Personal Allowances Under Hong Kong Salaries Tax: Complete 2025/26 Guide
Understanding and correctly claiming personal allowances is the cornerstone of minimising your Hong Kong salaries tax liability. For the 2025/26 year of assessment (covering income earned from 1 April 2025 to 31 March 2026), the Inland Revenue Department (IRD) offers a range of allowances designed to reduce your net chargeable income. This guide provides a comprehensive, practical overview of all available allowances, who qualifies, and how to ensure you claim everything you are entitled to.
What Are Personal Allowances and How Do They Work?
Personal allowances are specific amounts you can deduct from your total income when calculating your salaries tax. They are not refunds or credits but deductions that lower your "net chargeable income," which is the amount actually subject to tax. Hong Kong uses a progressive tax system (capped at the standard rate) on net chargeable income, so reducing this figure directly lowers your tax bill. It is the taxpayer's responsibility to claim these allowances, typically by completing the relevant sections of your annual tax return (BIR60).
Complete List of Personal Allowances for 2025/26
The following allowances apply for the year of assessment 2025/26. The values are set by the IRD and are subject to change in future budgets.
Basic Allowances
- Basic Allowance: HK$132,000. Available to every taxpayer.
- Married Person's Allowance: HK$264,000. Available if you were married at any time during the year and your spouse had no net chargeable income. You and your spouse cannot both claim the basic allowance; one must claim the married person's allowance.
Dependent-Related Allowances
- Child Allowance: HK$120,000 per child. For each unmarried child under 18, or over 18 but under 25 and in full-time education, or of any age if incapacitated. The allowance is shared between parents.
- Brother or Sister Allowance: HK$37,500 per dependent. For each brother or sister you maintain, subject to age, education, and parental income conditions.
- Dependent Parent or Grandparent Allowance: HK$50,000 per dependent. For each parent/grandparent aged 60 or above, or aged 55–59 who qualifies for the Government's Disability Allowance.
- Additional Dependent Parent or Grandparent Allowance: HK$50,000 per dependent. An additional allowance for each parent/grandparent aged 60 or above who you maintained and who ordinarily resided with you continuously throughout the year.
Special Allowances
- Single Parent Allowance: HK$132,000. Available if you were not married for the whole year or were separated/divorced, and you maintained a child for whom you were entitled to a child allowance.
- Disabled Dependant Allowance: HK$75,000 per dependent. An additional allowance for each dependent (child, sibling, parent, grandparent) who is eligible for the Government's Disability Allowance.

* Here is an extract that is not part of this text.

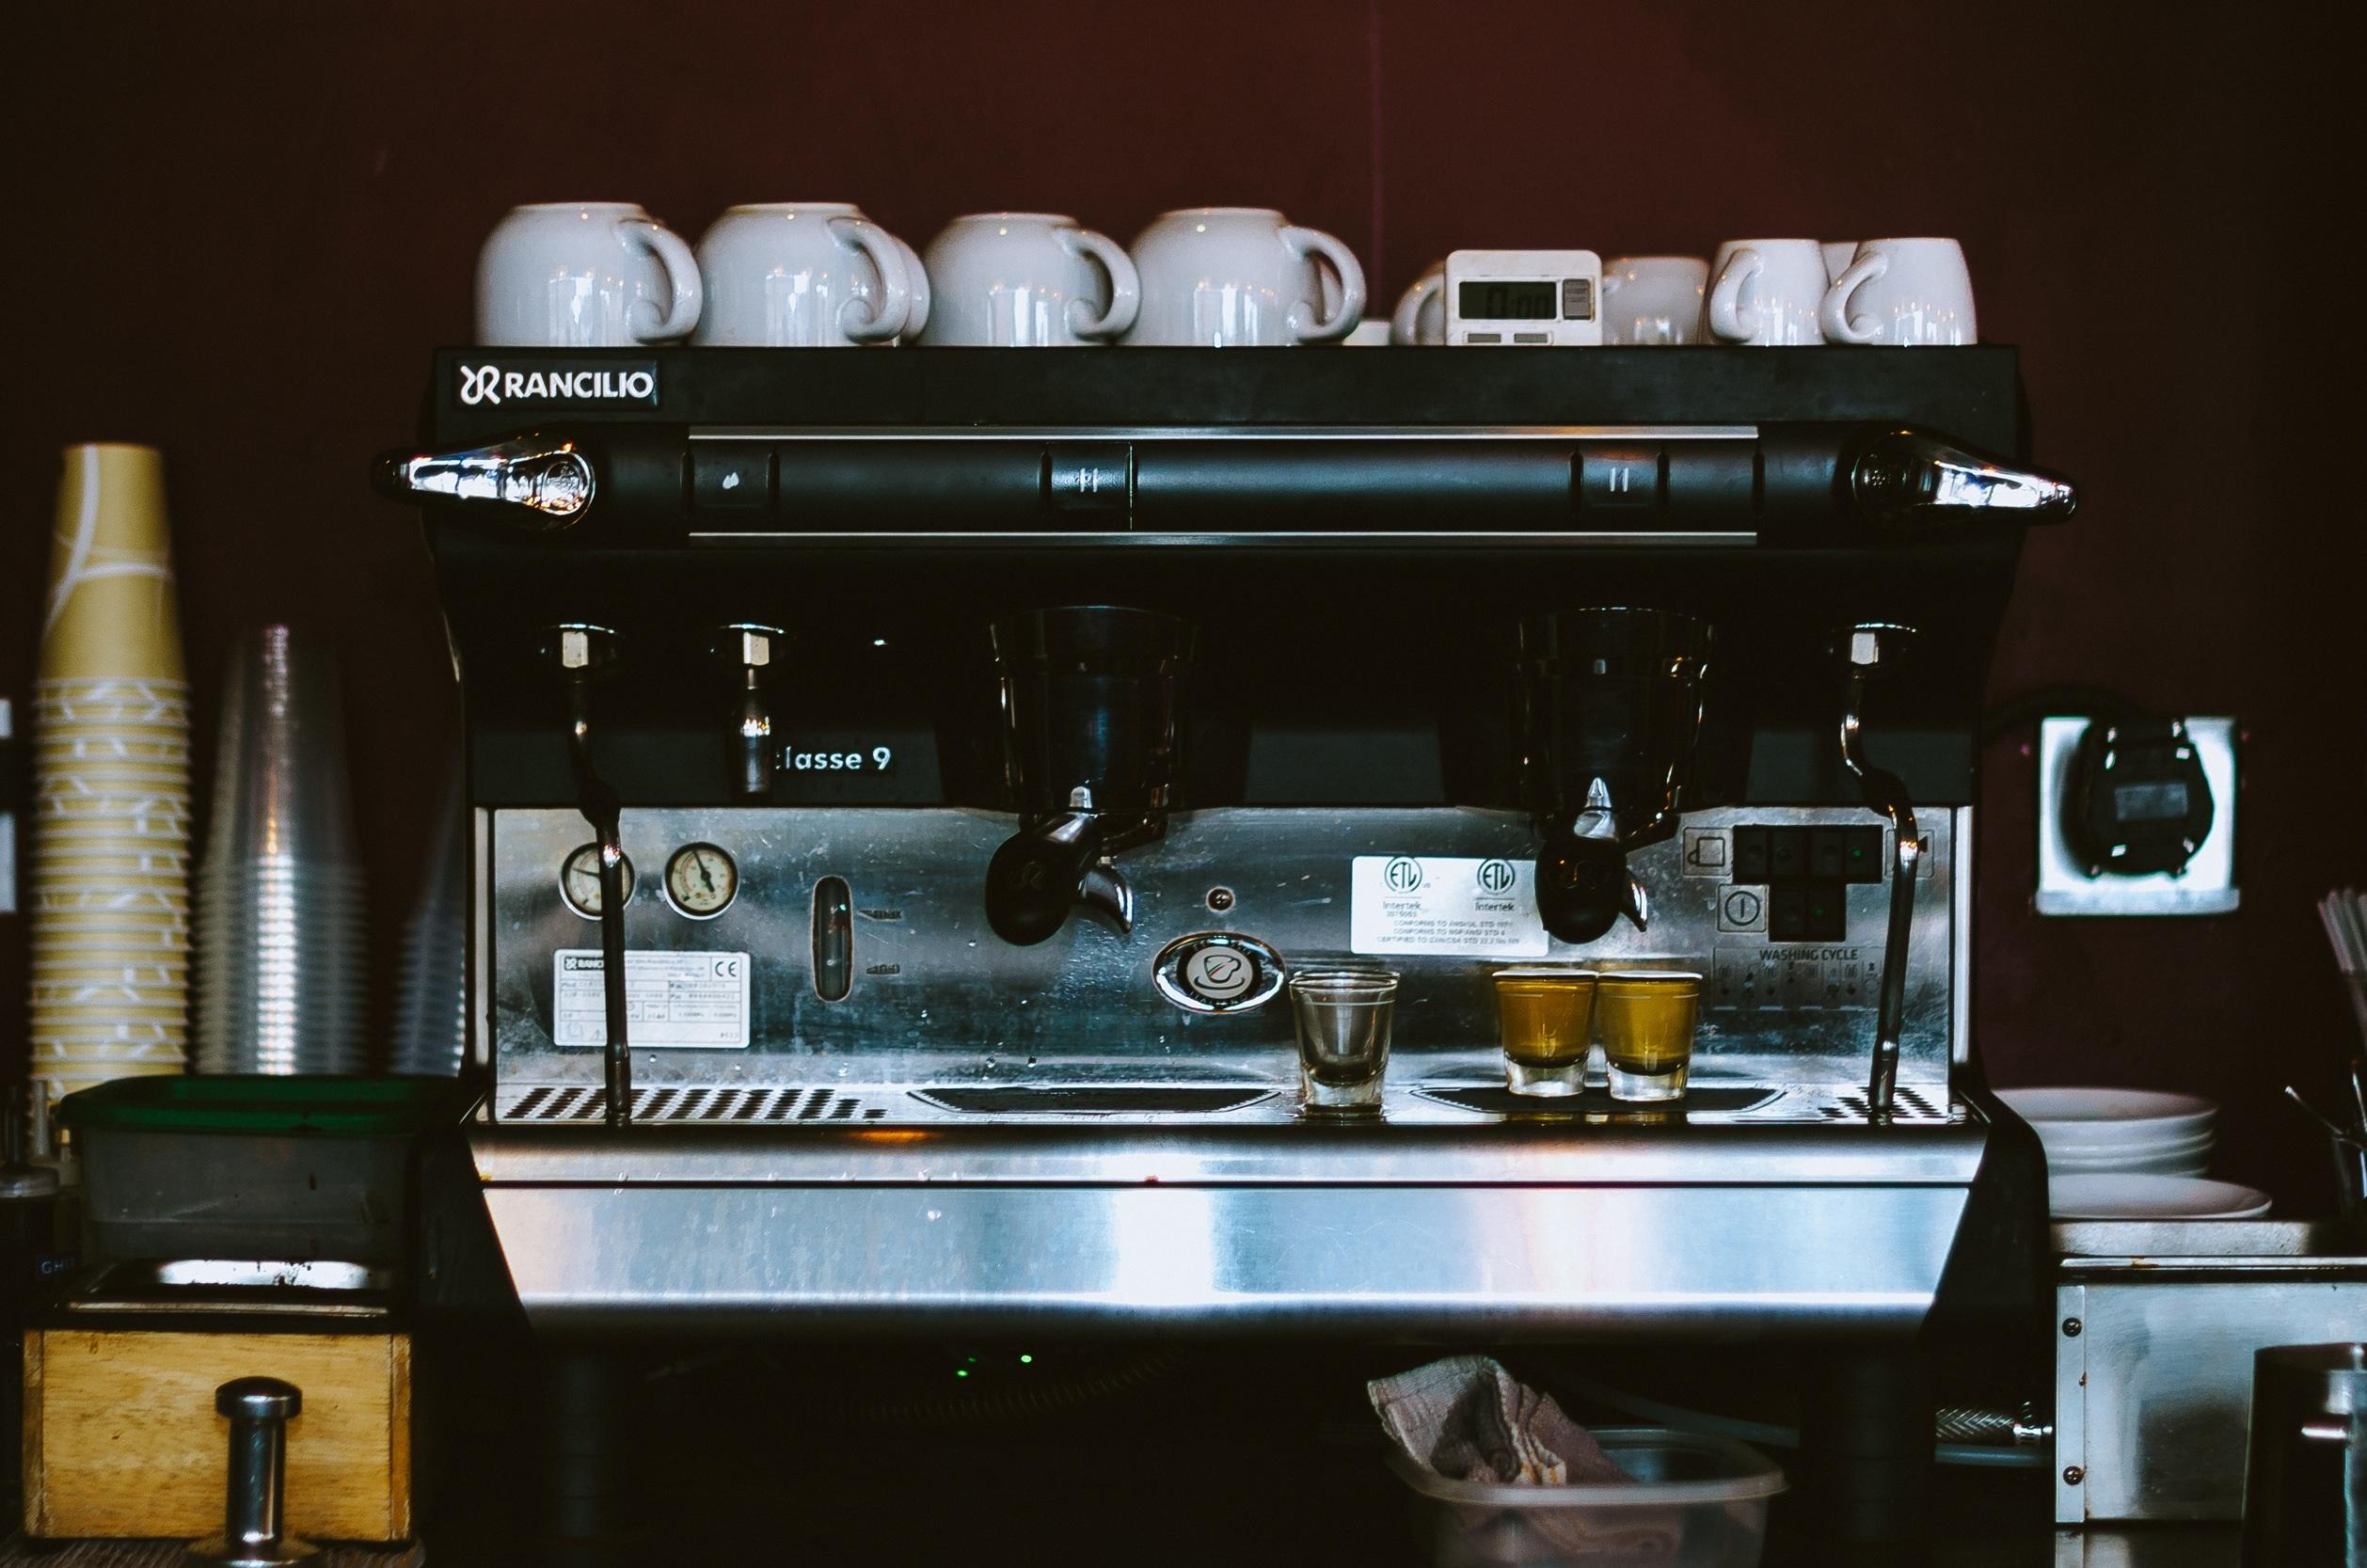 Gambar Meja Kafe Kopi Kaca Restoran Bar Peralatan Dapur

Who is Affected and Eligible to Claim?
Any individual liable to pay Hong Kong salaries tax is affected. This includes employees, office holders, and pension recipients deriving income from Hong Kong employment. Eligibility for each specific allowance depends on meeting the strict conditions set by the IRD regarding relationship, maintenance, residence, age, and income of the dependent. You must maintain the dependent, which generally means you provide substantial financial support.
Key Deadlines and How to Claim
Allowances are claimed annually via your tax return. The key timeline for the 2025/26 year is:
- Early May 2026: IRD issues tax returns (BIR60 forms).
- Early June 2026: Deadline for paper returns.
- Early July 2026: Deadline for e-filing via "Tax Easy".
To claim, you must accurately complete Part 8 (Personal Allowances) of the return. Ensure you have supporting documents, such as birth certificates, marriage certificates, proof of residence, and evidence of financial support, as the IRD may request them for verification.
Practical Tips for Maximising Your Allowances
- Review Annually: Family circumstances change (births, marriages, parents moving in). Review your eligibility each tax year.
- Understand "Maintenance": Keep records of financial support like bank transfers, payment of medical bills, or school fees for dependents.
- Optimise Between Spouses: If both spouses have income, calculate whether claiming the Married Person's Allowance (with the lower-earning spouse claiming zero) or both claiming the Basic Allowance results in a lower combined tax bill.
- Claim All Eligible Dependents: Don't overlook dependent grandparents or siblings you support, or the additional allowance for co-resident elderly parents.
- Report Changes Promptly: Inform the IRD if your marital status or dependency situation changes during the year, as it may affect your provisional tax.
Common Mistakes to Avoid
- Claiming the Basic Allowance when you are eligible and should claim the Married Person's Allowance.
- Failing to claim the Additional Dependent Parent Allowance for a parent who lives with you.
- Incorrectly claiming for a child over 18 who is not in full-time education.
- Not keeping adequate proof of maintenance for dependents.
Conclusion
Effectively navigating Hong Kong's personal allowances can lead to significant tax savings. By understanding the 2025/26 allowances, maintaining good records, and claiming accurately on your tax return, you ensure full compliance while legally minimising your tax liability. When in doubt about your specific eligibility, consult a qualified tax professional for advice tailored to your situation.